Детское

Из "Воспоминаний о минувшем"               



Зимой, в стужу, когда на улице не погуляешь, у кого-нибудь дома, чаще всего, у нас, собиралась компания из трёх-четырёх, а то и больше, пацанов. Развлекались как могли, обсуждали просмотренные фильмы («кинухи»), прочитанные книги или просто болтали о том, о сём. Иногда играли в жмурки: по жребию один из нас с завязанными глазами ловил других, а поймав кого-нибудь, должен был, не снимая повязки, назвать его имя. Тот, кого он узнал, продолжал игру с завязанными глазами. Легче всего было опознать Женьку Коноваленко по бугристому черепу: достаточно было провести рукой по его лысой голове.

Как-то в один из хмурых зимних дней Женька принёс карты, и мы стали играть в дурака. В это время к нам зашёл мой двоюродный брат Нюмка, заядлый картёжник. Увидев карты, игру в дурака, он презрительно усмехнулся и предложил научить нас настоящей, мужской игре. Мы согласились, и Нюмка научил нас играть в очко и в буру. Он сказал, что это азартные игры, в них играют на деньги.

Обе игры, особенно в очко, показались нам довольно примитивными. Они не требовали особого умения и сообразительности. Выигрывает тот, на чьей стороне случай и везение. Нюмка объяснил нам, что эти игры предназначены не для развлечения, а для серьёзного интереса.
 Он ушёл, а мы стали думать: на что же нам играть? Денег у нас не было, какой  же придумать «интерес»? Сначала стали играть на шалабаны – щелчки по лбу проигравшему. Но скоро это занятие нам наскучило.

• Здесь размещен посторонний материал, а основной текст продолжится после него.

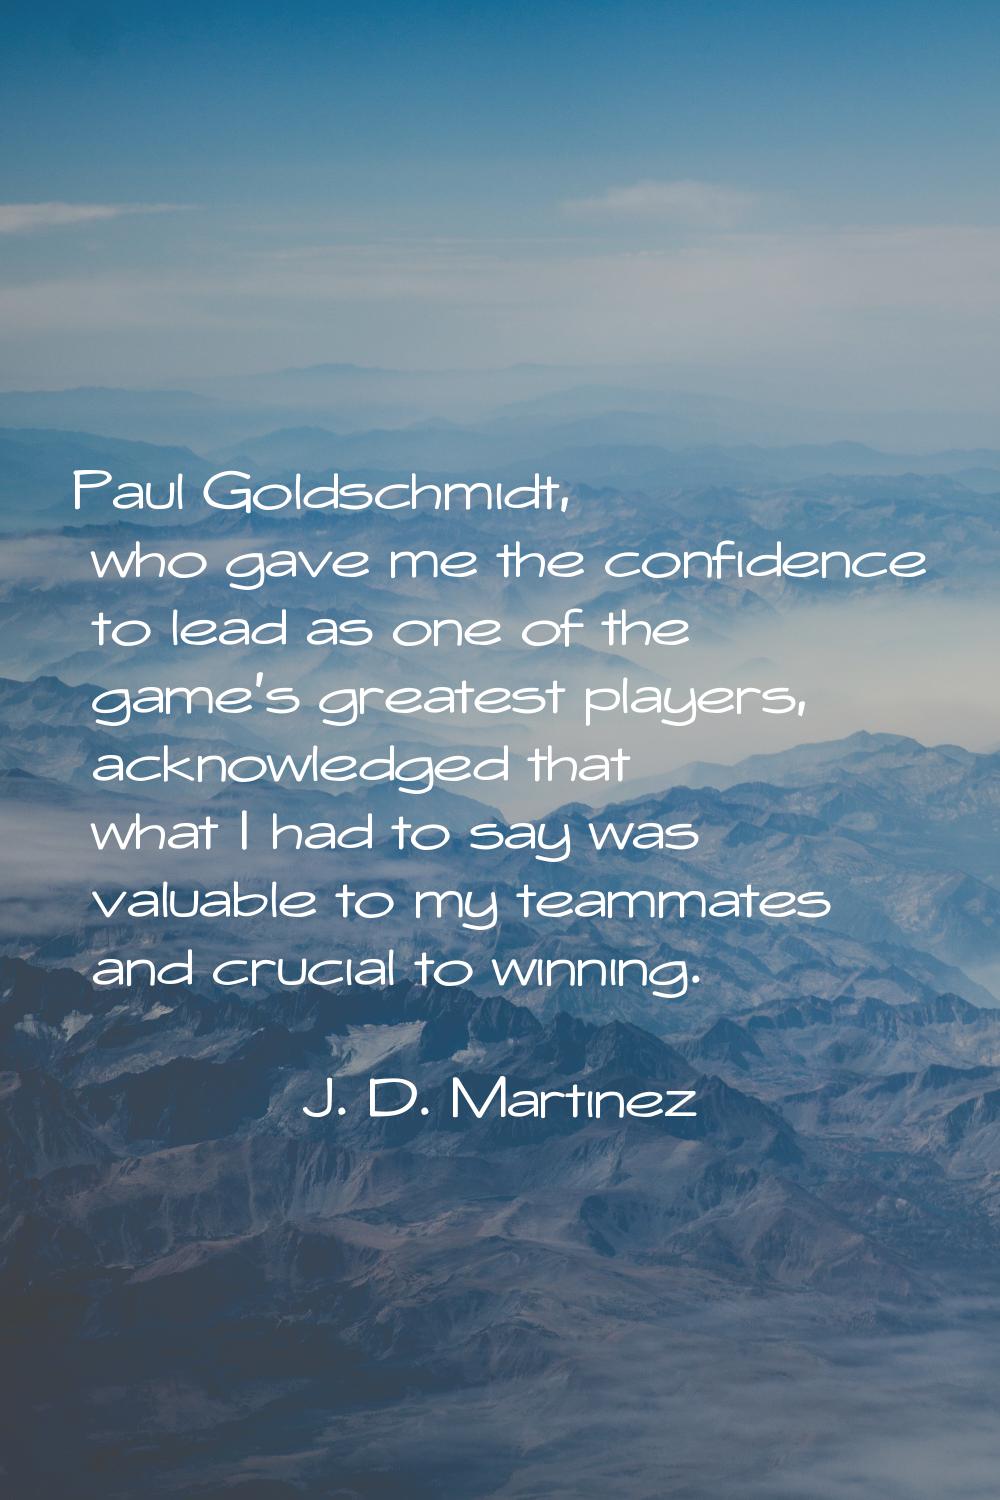 Paul Goldschmidt, who gave me the confidence to lead as one of the game's greatest players, acknowl
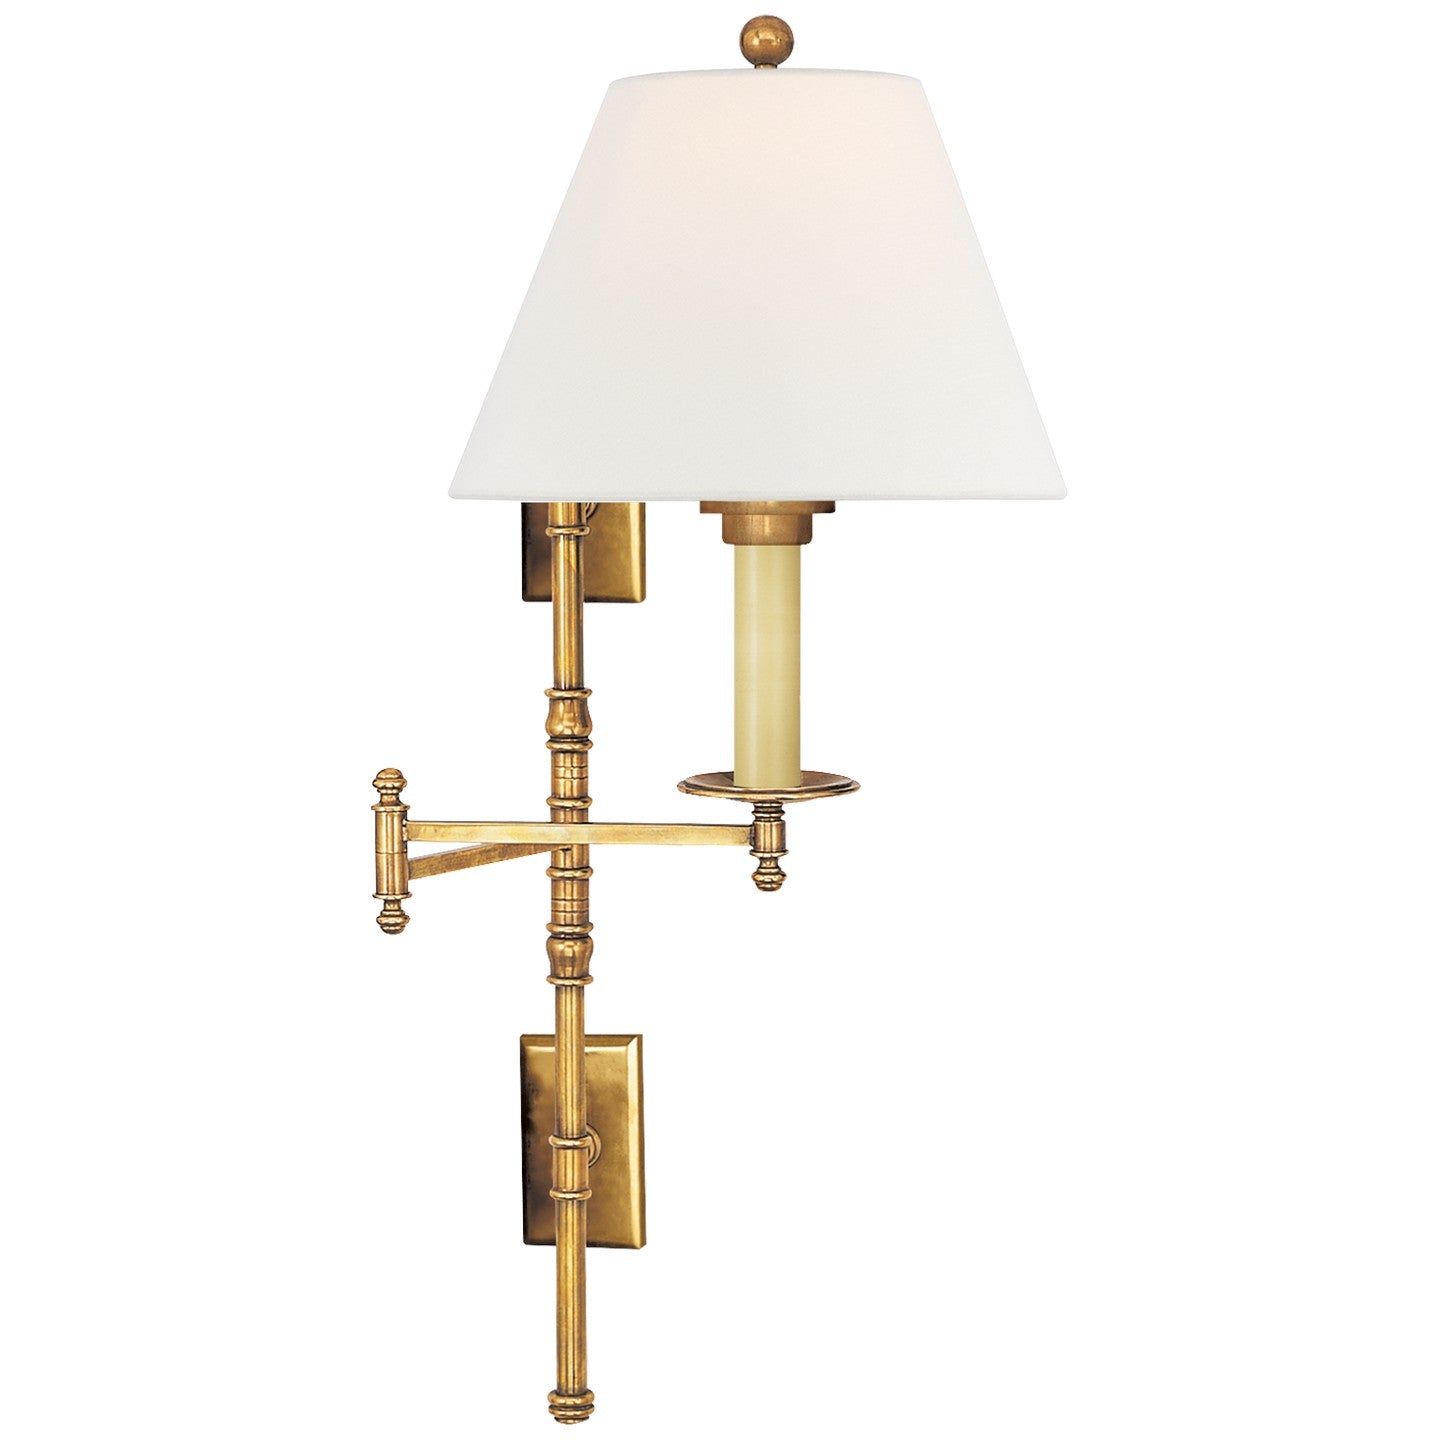 Visual Comfort Signature - CHD 5102AB-L - One Light Swing Arm Wall Sconce - Dorchester3 - Antique-Burnished Brass

И тут кому-то в голову пришла идея играть на воду: проигравший должен  выпить полную кружку воды из-под крана. Пить при отсутствии жажды – удовольствие сомнительное. После пары кружек желудок противится, стремится вылить воду обратно. В кухне прохладно, вода – ледяная.
 Мы потешались над проигравшим, глядя как он, преодолевая сопротивление организма, давится очередной порцией. После следующего кона потешались уже над тобой. Мухлевать не давали, наливали эмалированную кружку до краёв.
 Маленькому, тщедушному, вечно сопливому Генке Илларионову не везло, он проигрывал чаще всех, уже трясся мелкой дрожью, из сизого носа-картошки непрерывно текло.
 После очередного проигрыша Генка, сделав пару глотков, швырнул кружку в раковину.
   — В-в-сё, ребята, я больше не м-могу!— проскулил он и приник всем телом к горячей батарее, клацая зубами и издавая прерывистые жалобные звуки. Мы попадали со смеху, хотя сами тоже посинели и поминутно бегали в уборную. Продолжать дурацкую игру никто не захотел.

* * *

Генка Илларионов жил в нашем доме, в другом подъезде. У него было две сестры: Ольга, старше его на 3-4 года, и Нина, на столько же младше. Обе были миловидные, а младшая так вообще сущая красотка. На Генке же природа, похоже, сделала паузу, он был довольно невзрачным: низенький, походка в развалку, нос картошкой, толстые, будто расквашенные, губы. Это потом он стал классным тромбонистом, а в детстве никакими талантами не отличался.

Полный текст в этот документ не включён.